About this exercise: Reproduce the listing below as it stands. Leave out each image.

Raw data:
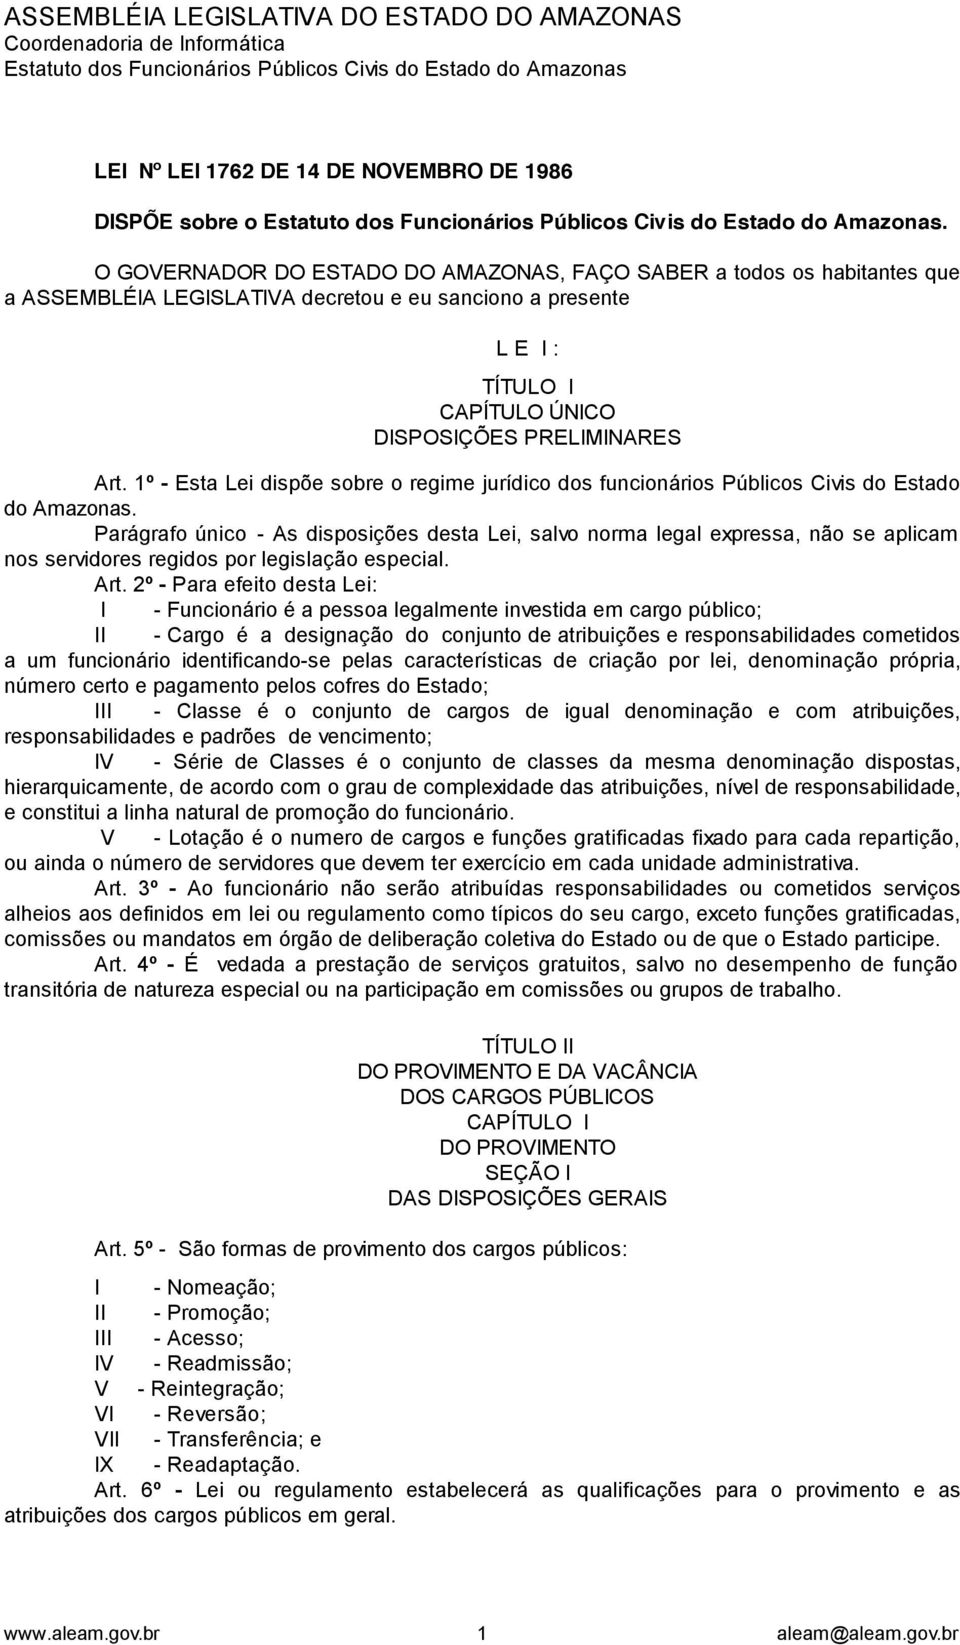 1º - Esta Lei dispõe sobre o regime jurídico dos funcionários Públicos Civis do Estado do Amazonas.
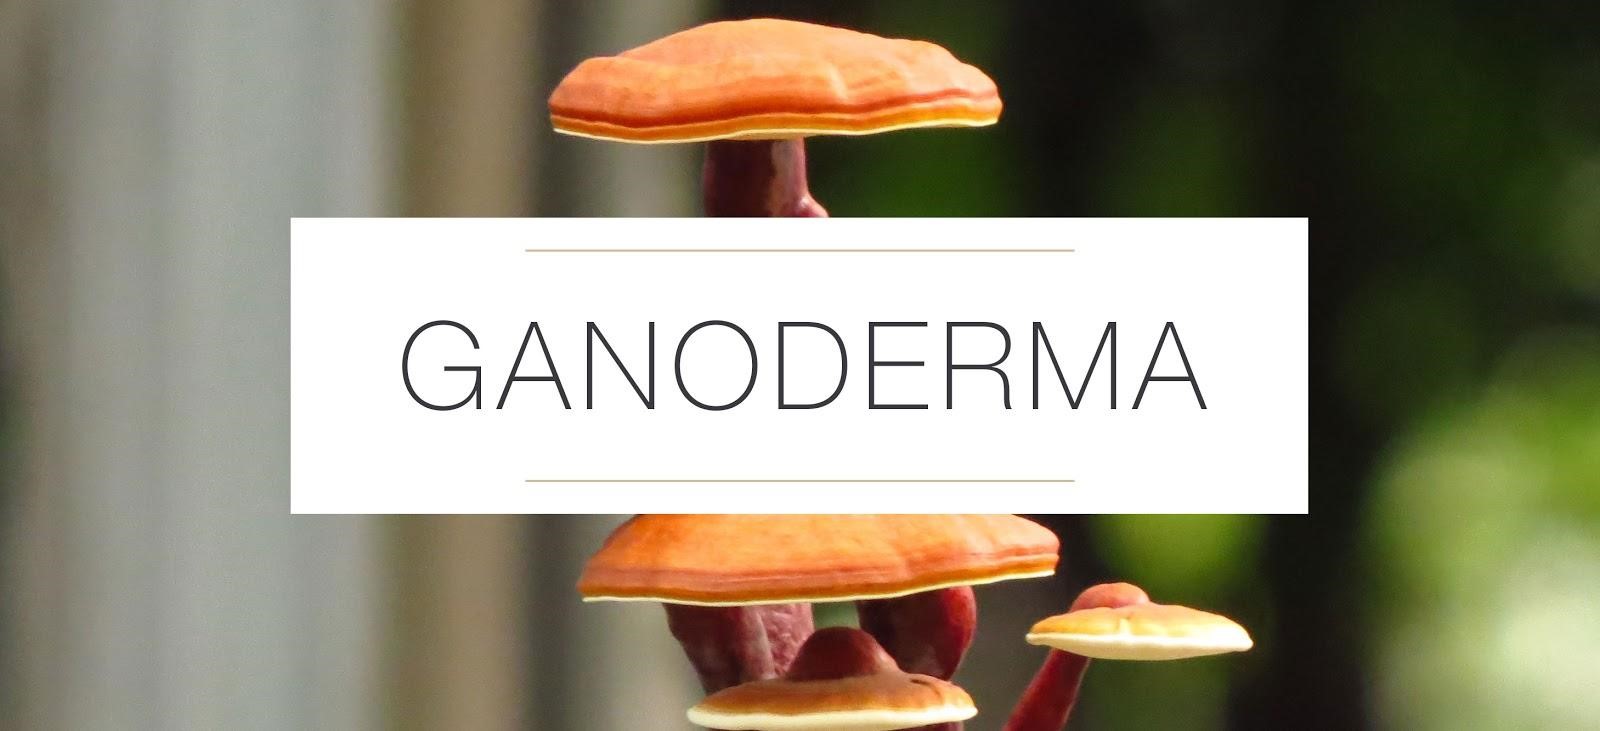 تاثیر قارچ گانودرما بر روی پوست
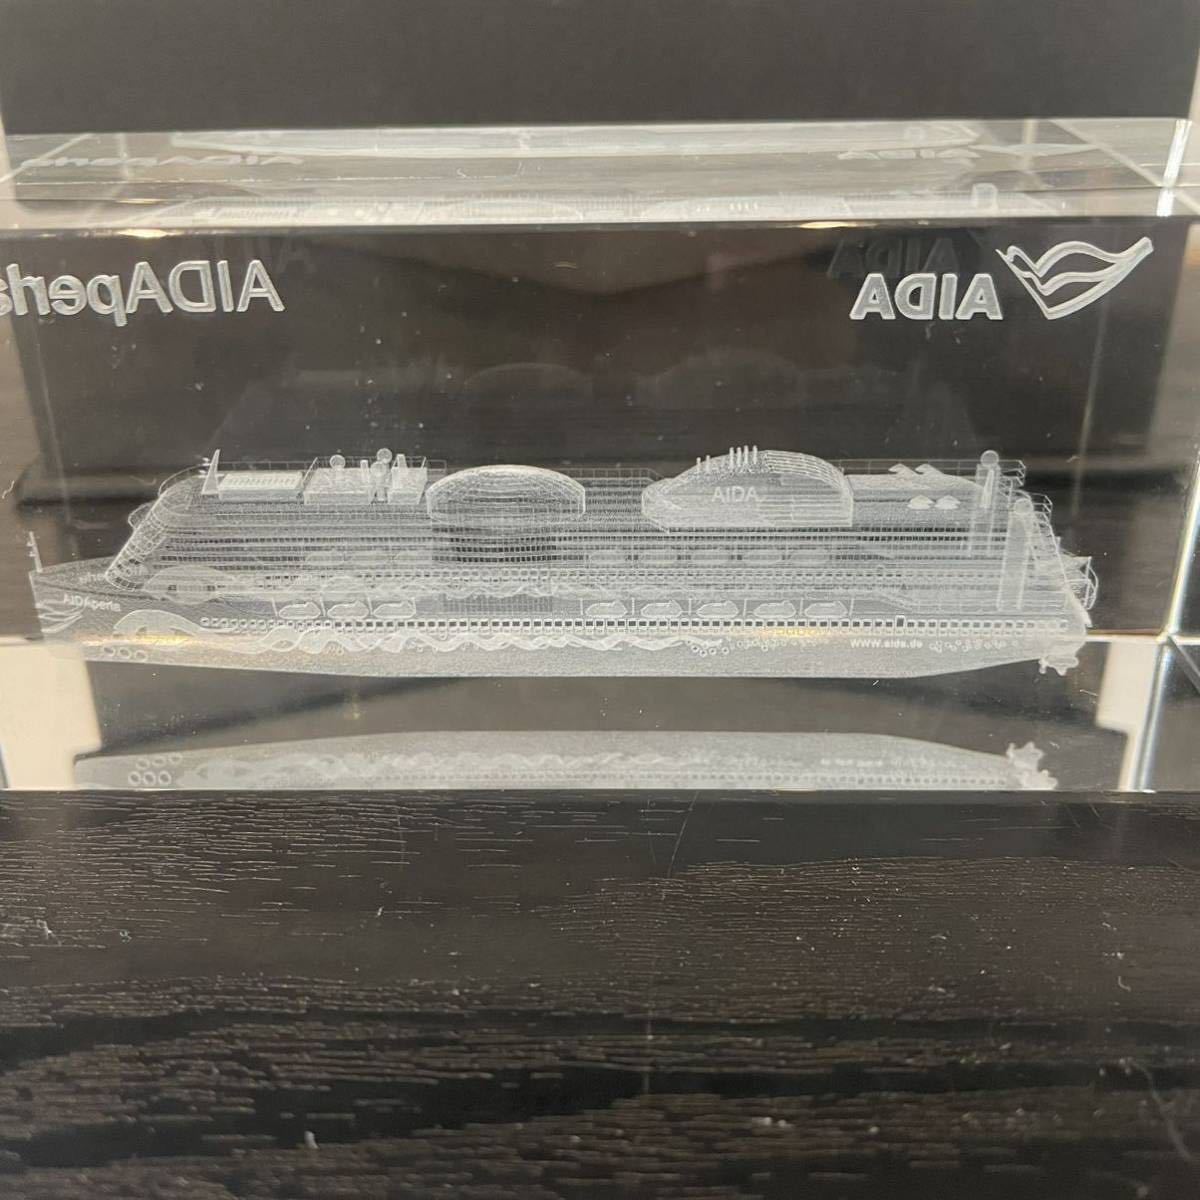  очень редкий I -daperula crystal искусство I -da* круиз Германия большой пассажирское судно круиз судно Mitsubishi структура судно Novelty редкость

Written response:
 1º - Esta Lei dispõe sobre o regime jurídico dos funcionários Públicos Civis do Estado do Amazonas.
 تاثیر قارچ گانودرما بر روی پوست
  очень редкий I -daperula crystal искусство I -da* круиз Германия большой пассажирское судно круиз судно Mitsubishi структура судно Novelty редкость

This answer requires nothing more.